と言っただけでした。赤ちゃんにも幼児にも興味がないのです。さきほど通り過ぎた子どもは大きな声で親になにかを話していました。かなり目立っていたと思いますし、通り過ぎる時にそのあどけなさに思わず微笑んでしまいました。だからこそ、子どもがいる世界を感じない夫の様子にぞっとしてしまうのです。昔、小さな子どもがいないことに気づかず、無意識なまま傘で目をついてその場を立ち去ったり、タバコで子どもの目を焼いてしまった人間がいましたが夫もその類の人間なのかもしれません。夫は外出をしても大人しか目に入らないのです。一緒に歩いていて見る風景が違うことに私は悲しみを覚えました。

「2人で暮らすのって楽しいなぁ」
「え?ええ……」

どう反応していいのかわからず、あいまいな返事をすると私が同意したと思い満足そうにうなずきました。夫の無神経な行動、思考がどんどん私をむしばんでいきます。

「男は子どもが生まれてから父親になるの」

義母はそう言いますが、私にはそう思えません。妊娠中から子どもを感じる女に比べ、男は生まれた子を見て親であることを実感するといわれていますが。実家暮らし末っ子と自分が一番で育った夫は、全てにだらしなく育ちました。ブヨブヨと太った腹を出してだらしなく笑っている夫を見ていると怒りが止まらなくなりそうです。早く目の前から消えて欲しくなり、風呂へ入るようすすめました。

「風呂、沸いたよ」
「先に入っていいよ」
「洗い物があるから」
「んーちょっと……あ、一緒に入る?」
「え?」
「ガス代節約になるし、ほら、最近入ってないじゃん」

無神経な夫の発言に思わず無言になります。

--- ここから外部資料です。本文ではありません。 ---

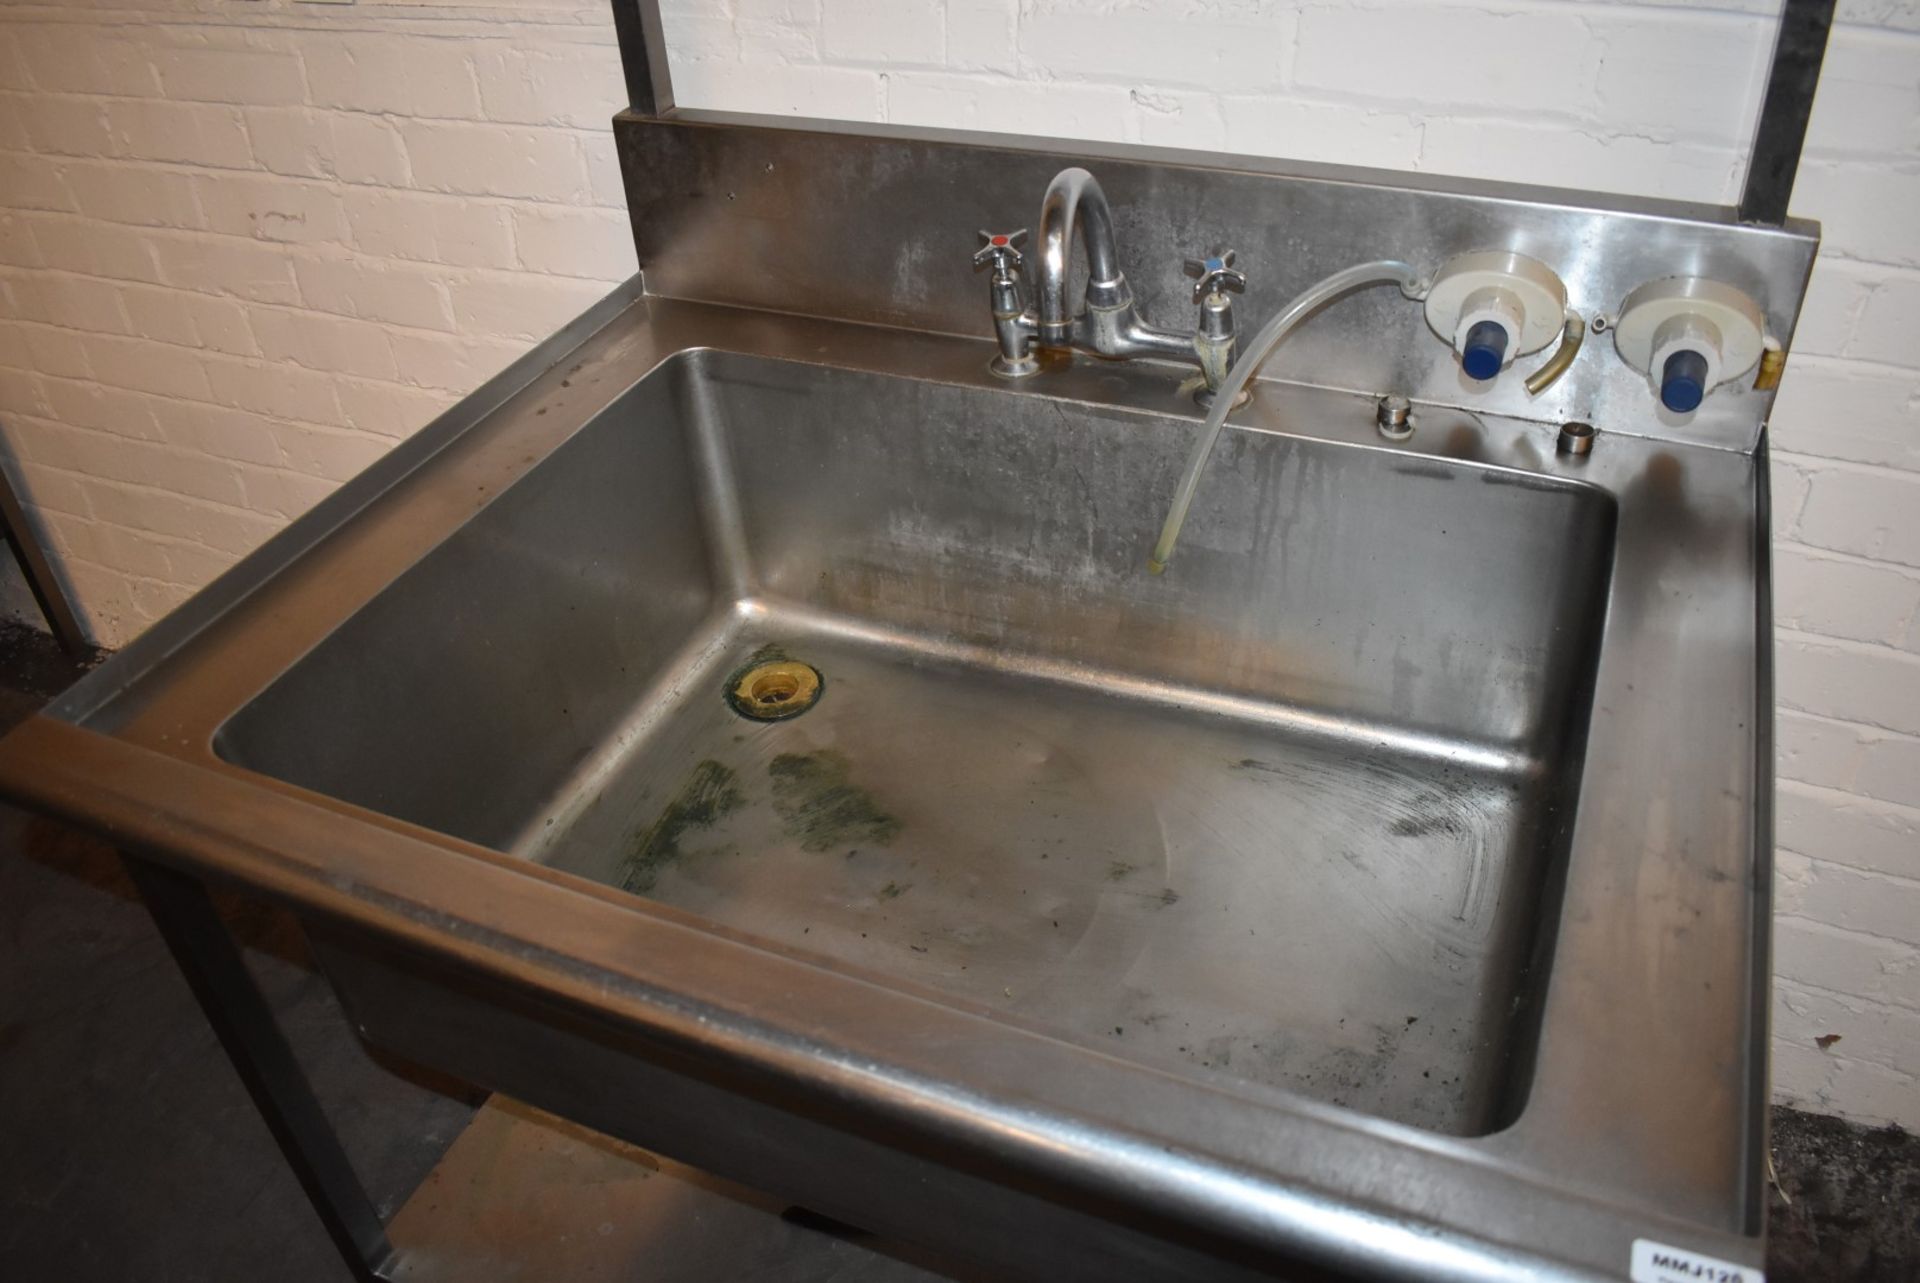 1 x Stainless Steel Sink Unit Featuring a Large 80x60cm Wash Bowl, Mixer Taps, Soap Dispensers, - Image 6 of 11

私の不機嫌が伝わったのか、

「可愛くねーな」

とボソッと呟き夫は立ちあがります。自分のすることは全て正しいと思っているのが手に取るようにわかる表情で風呂場へといきました。これまでも自分のしたいようにしながら最後の決断を迫る夫は、今回の言い争いを私が悪いという方向で終わらせたのです。可愛い女ならここで素直にうなずくのでしょうか。赤ちゃんが来ないのも私が可愛い女じゃないからでしょうか。

ドロリ。

風呂場から鼻歌が聞こえてきます。どうして夫は私の神経を逆なでするのでしょうか。どうして夫に私の気持ちは伝わらないのでしょうか。

どうして
どうして
どうして

「あれ?やっぱ一緒に入る?」

気づくと私は風呂場のドアを開けていました。湯船につかるその腹はやはり白く、ブヨブヨとしています。その醜い腹を凝視する私を見て、

「ああ、そうなんだ」

とニヤつきながら夫が立ちあがります。私も無言で風呂場に入ります。

「ちょっ、服ぐらい脱ぎなよぉ」

嬉しそうに話しかける夫、そのたびに揺れる腹。夫が浴槽から足を出そうとした瞬間、

「あっぶっ!」

夫が湯船にひっくり返りました。無様に頭まで湯船につかっています。ブヨブヨと醜く太った腹が湯の中で揺れていました。

汚い。掃除しなきゃ。

「あぶっ、ふざけなっ!」
「土左衛門!土左衛門!土左衛門!」

ゴボゴボお湯を飲む夫。目は見開いています。起き上がろうとするたびに私は激しく棒でつつきました。つついているうちにだんだんと楽しくなってきます。祖母とその友達も、こんな風に楽しかったでしょうか。私には土左衛門を止める大人がいないので思う存分つつくことができました。

気づくと浴槽いっぱいに土左衛門が詰まっていました。

「土左衛門とね、赤ちゃんは違うんだよ」
「……」

一言も発しない夫をそのままに私は家を出たのです。